EVOLUCIÓN HISTÓRICA DE LA TECNOLOGÍA EDUCATIVA
A pesar de que se puede vincular el origen de la tecnología educativa a la historia de la educación, señalando como antecedentes de esta disciplina a los autores más representativos de la pedagogía, desde Sócrates y Comenio, Pestalozzi, Froebel, etc. (Saettler, 1990), el concepto tecnología educativa no aparece hasta 1941 en la Encx/clopedia of Educational Research. 

Se puede decir, pues, que la tecnología educativa surge como disciplina pedagógica en
Norteamérica a mediados del siglo XX, aunque no debemos olvidar que sus raíces se encuentran en el desarrollo de la didáctica y que aquella no se articula como campo de estudio diferenciado hasta la década del sesenta (Eraut, 1994).

La caracterización de la tecnología educativa que realiza Seattler, introduce como su base consustancial la perspectiva científica de la ciencia física, un sentido artefactual, centrada en los medios de comunicación y las teorías psicológicas -primero los conceptos conduc-tistas y luego los cognitivistas-. Según este autor, hay un punto de ruptura en la historia de la didáctica que se produce entre 1900 y 1950 con el desarrollo de la tecnología de la instrucción y la importancia de los medios de comunicación social (cine, radio, etc.) y sus posibilidades educativas. En este sentido, la Segunda Guerra Mundial produjo un fuerte impacto en el desarrollo de la tecnología educativa. A partir de entonces, la Administración americana crea institutos de investigación educativa, en los que se da un papel preponderante a los proyectos de investigación y desarrollo, aunque los avances en este campo no eran fáciles debido a la falta de fondos, de poder, de continuidad y enfoque en los programas, de personal de calidad, etc.

En la década del sesenta se empieza a hablar de comunicación audiovisual y el estudio de los medios se reorienta para centrarse en los procesos de comunicación producidos en el aula. Esta década aporta el despegue de los mass media como factor de extraordinaria influencia social y la reflexión sobre los modelos de comunicación al uso. Esta temática será incorporada al corpus de la tecnología educativa, orientada a las aplicaciones educativas de los medios de comunicación de masas.

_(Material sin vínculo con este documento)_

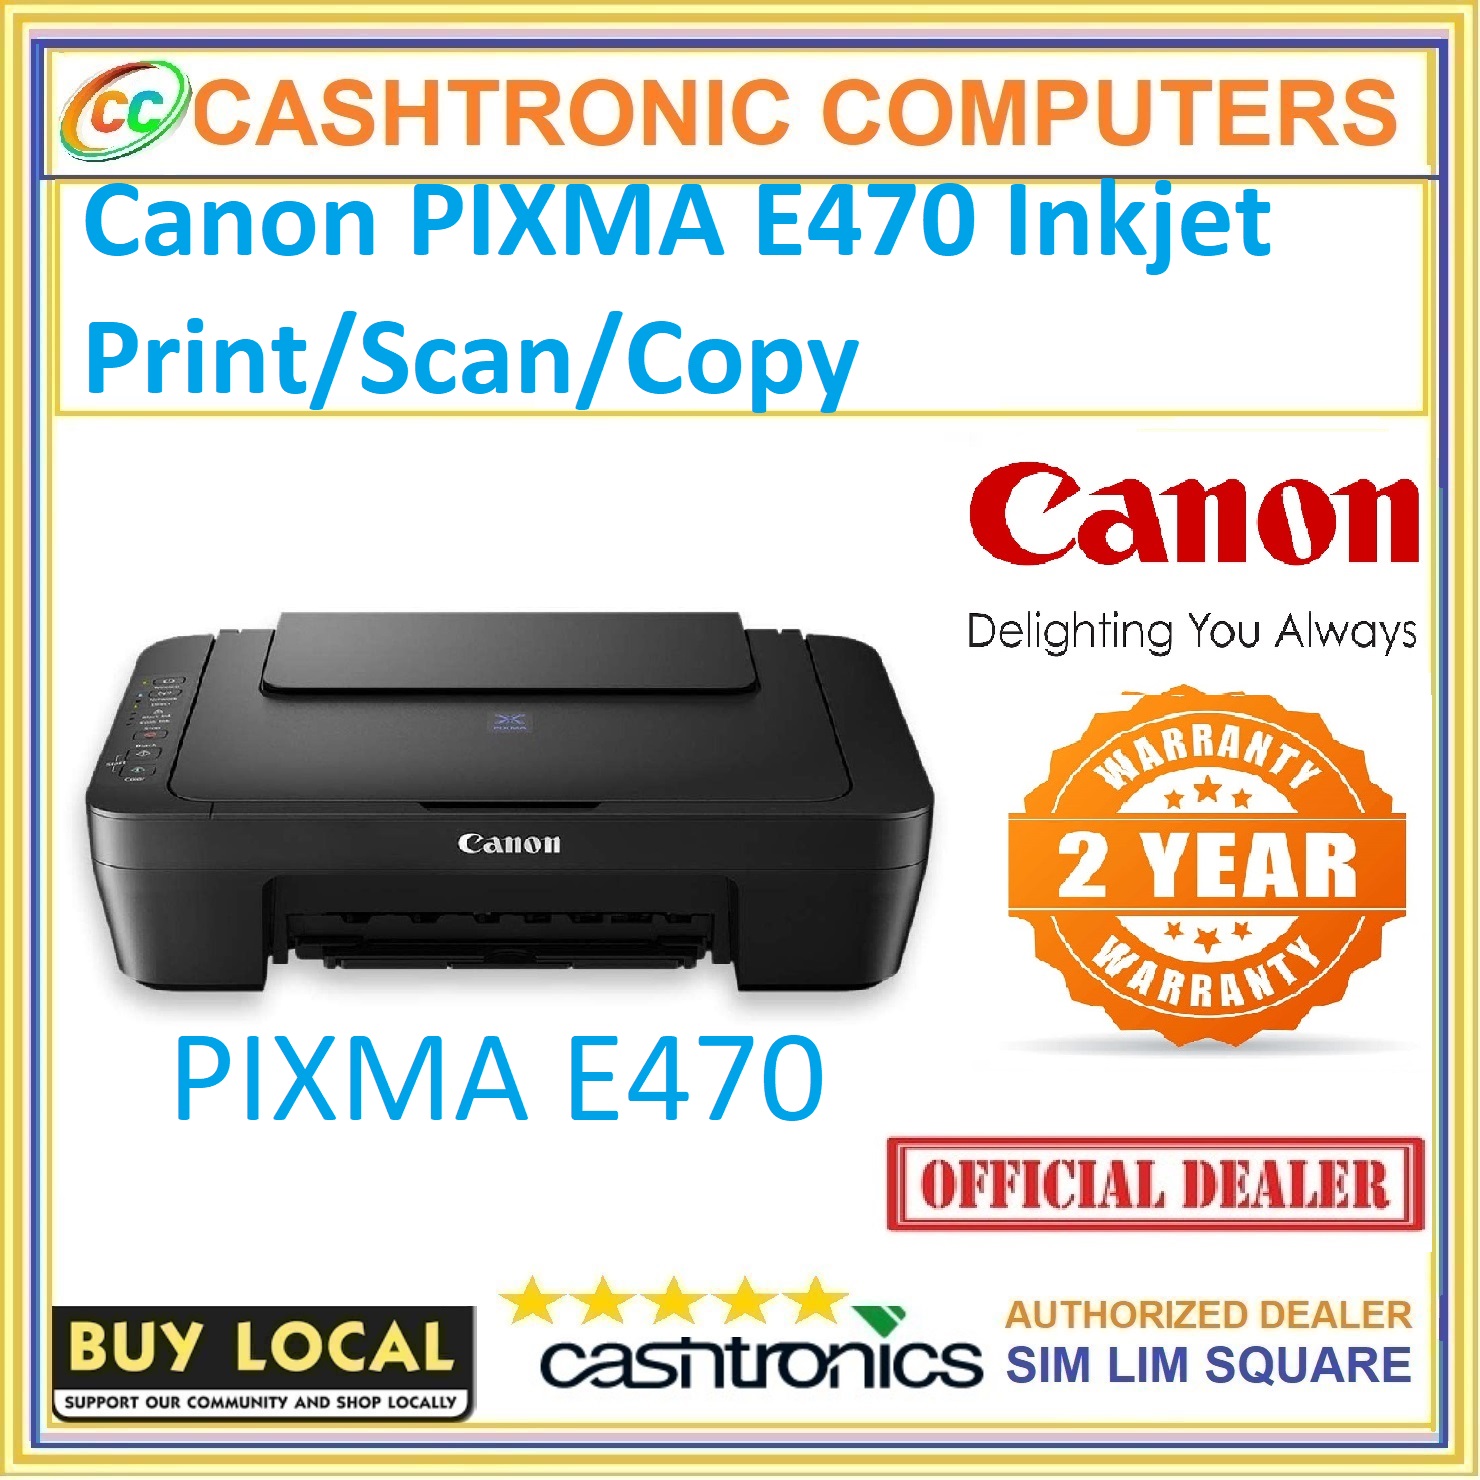 Printer e470 ink canon Canon :

Otra línea de desarrollo inicial de la tecnología educativa se sitúa en la enseñanza programada, la cual marca su inicio en los países eu-ropeos (principalmente en Gran Bretaña y Francia). Los principios de la enseñanza programada se basan en las propuestas de Skinner para aplicar la teoría del condicionamiento operante a las situaciones de aprendizaje. Así, las aportaciones de la psicología del aprendizaje se convierten en una fuente clave para la tecnología educativa. Con este enfoque, esta última aborda el diseño de sistemas de instrucción en los que se proponen actuaciones como la especificación de los objetivos en función del aprendizaje, la individualización de la instrucción o la elaboración de materiales estandarizados (Chadwick, 1987), asumiendo los principios de la modificación de conducta. Esta corriente da lugar a importantes revistas (Programmed Learningan Educational Technology, en Gran Bretaña; Enseignement programmé, en Francia) y asociaciones (Association for Programmed Learningan Educational Technology) que marcarán el rumbo de la tecnología educativa durante un largo período de tiempo, tanto en Estados Unidos como en Europa.

En la década del setenta, el desarrollo de la informática consolida la utilización de los ordenadores con fines educativos, desarrollándose aplicaciones que siguen los principios de la enseñanza programada y la enseñanza individualizada. Se trata del software de enseñanza asistida por ordenador (EAO), el cual ha tenido una gran influencia en el diseño de materiales didácticos.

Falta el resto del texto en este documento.